Chiffres de France Travail. © Le JDD
Si on ne prend que les conseillers dédiés à l’accompagnement des demandeurs d’emploi, « ce chiffre s’établit plutôt à 1 agent pour 250 en moyenne », affirme-t-il, précisant que certains ont des portefeuilles plus réduits « pour les personnes qui en ont le plus besoin » comme certains jeunes ou les bénéficiaires du RSA. Sur le terrain, les agents, débordés et épuisés, dénoncent une bureaucratie étouffante et des procédures kafkaïennes. De leur côté, les chômeurs errent dans un labyrinthe administratif. Trop d’employés ? Pas assez ? Une chose est sûre : face à une crise de l’emploi qui s’aggrave, France Travail montre des signes d’essoufflement.

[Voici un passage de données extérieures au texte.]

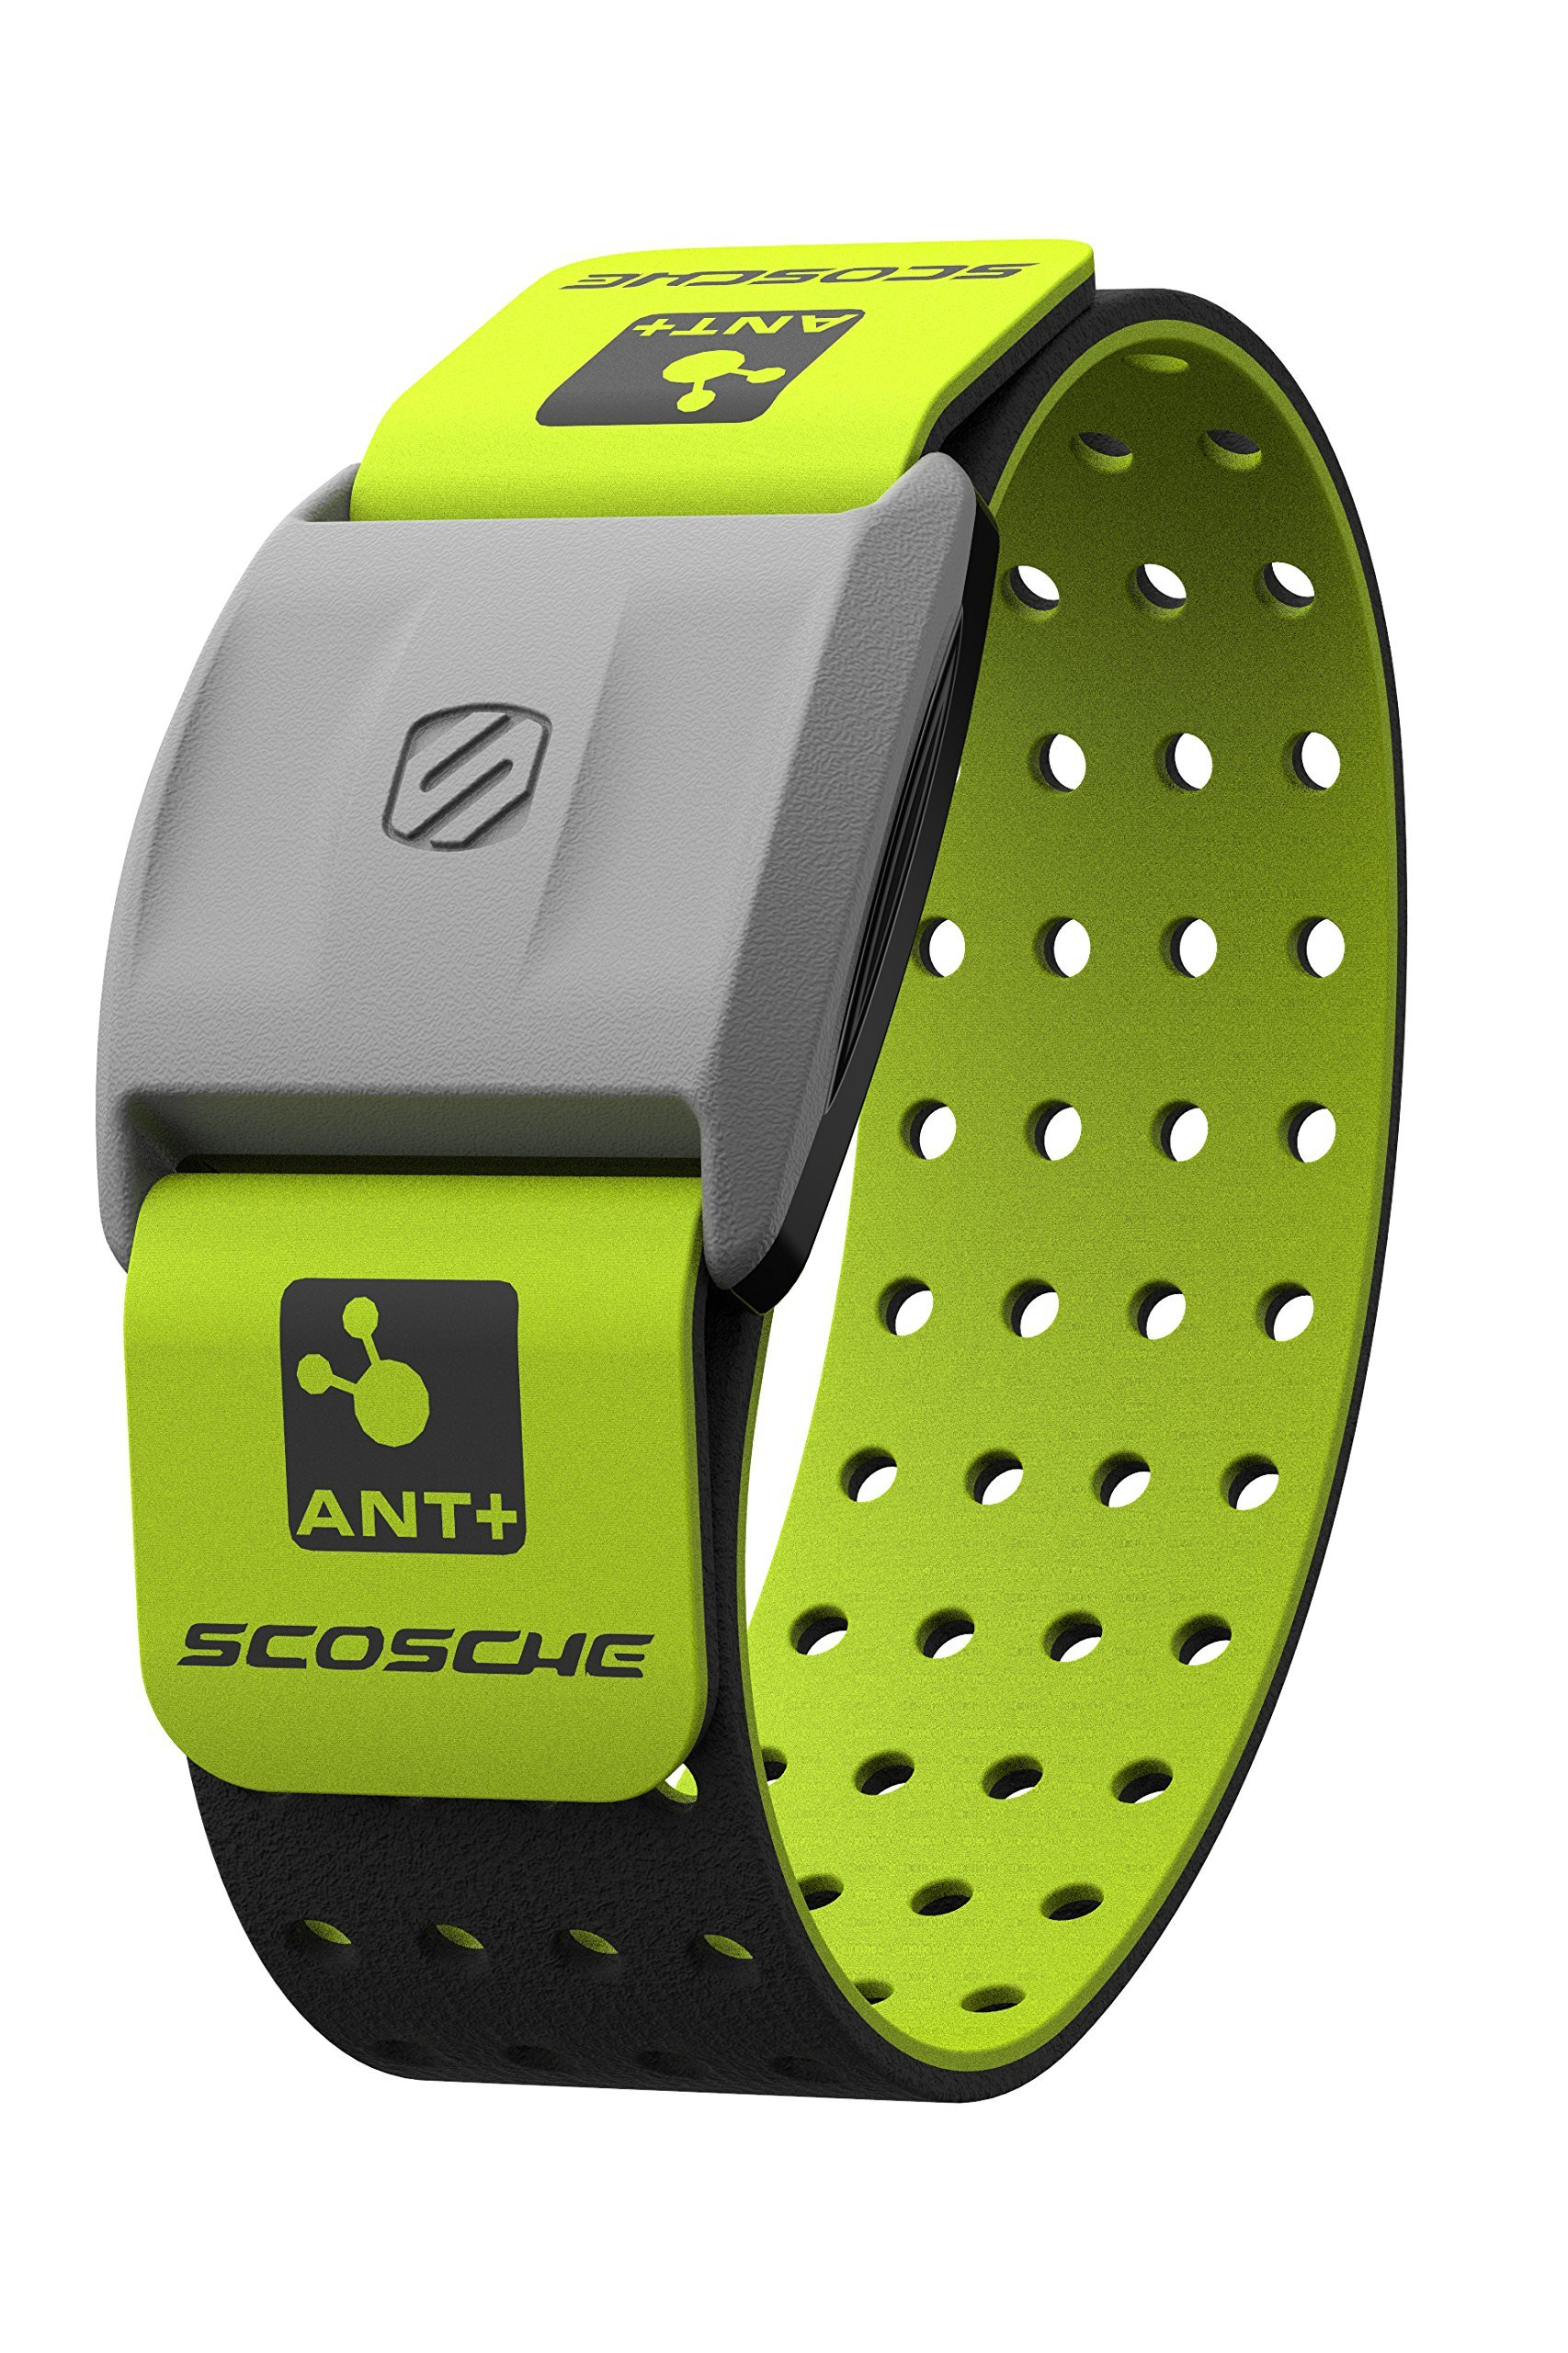 Scosche RHYTHM+ Heart Rate Monitor Armband - Green - Optical Heart Rate Armband Monitor With Dual Band Radio ANT+ and Bluetooth Smart

Face aux dysfonctionnements, les recours explosent : en 2023, le médiateur de France Travail a enregistré 52 464 dossiers, un record
Hélène, 51 ans, y a travaillé pendant huit ans comme juriste avant de jeter l’éponge. À son arrivée, elle touchait 1 490 euros brut par mois ; une rémunération qui, selon elle, illustre le fossé entre les employés et les cadres dirigeants. « On demande énormément aux conseillers pour un salaire dérisoire », lâche-t-elle. Elle décrit un ras-le-bol général et des syndicats offensifs. « La CGT est majoritaire et c’est infernal : tout repose sur des revendications et un discours autour du manque de moyens… Il y a une véritable culture de la fainéantise, certainement liée à la précarité salariale ». L’organisation interne est, selon elle, aussi problématique. « Sur dix conseillers, neuf sont affectés au placement (obligation de recherche active d’emploi, prise de rendez-vous…) et un seul, parfois deux, gèrent les droits au chômage ». Pour répondre aux besoins croissants d’indemnisation, l’ancien directeur général de Pôle emploi, Jean Bassères, avait créé le poste de CRI, Conseiller référent indemnisation. Une fonction devenue intenable, d’après l’ancienne juriste : « Ces conseillers doivent gérer des centaines de demandeurs d’emploi et sont sollicités en permanence par mail. » L’un de ses anciens collègues en a fait les frais : « À son retour de quinze jours de vacances, il avait 300 mails en attente. Il est matériellement impossible de répondre à toutes les demandes. »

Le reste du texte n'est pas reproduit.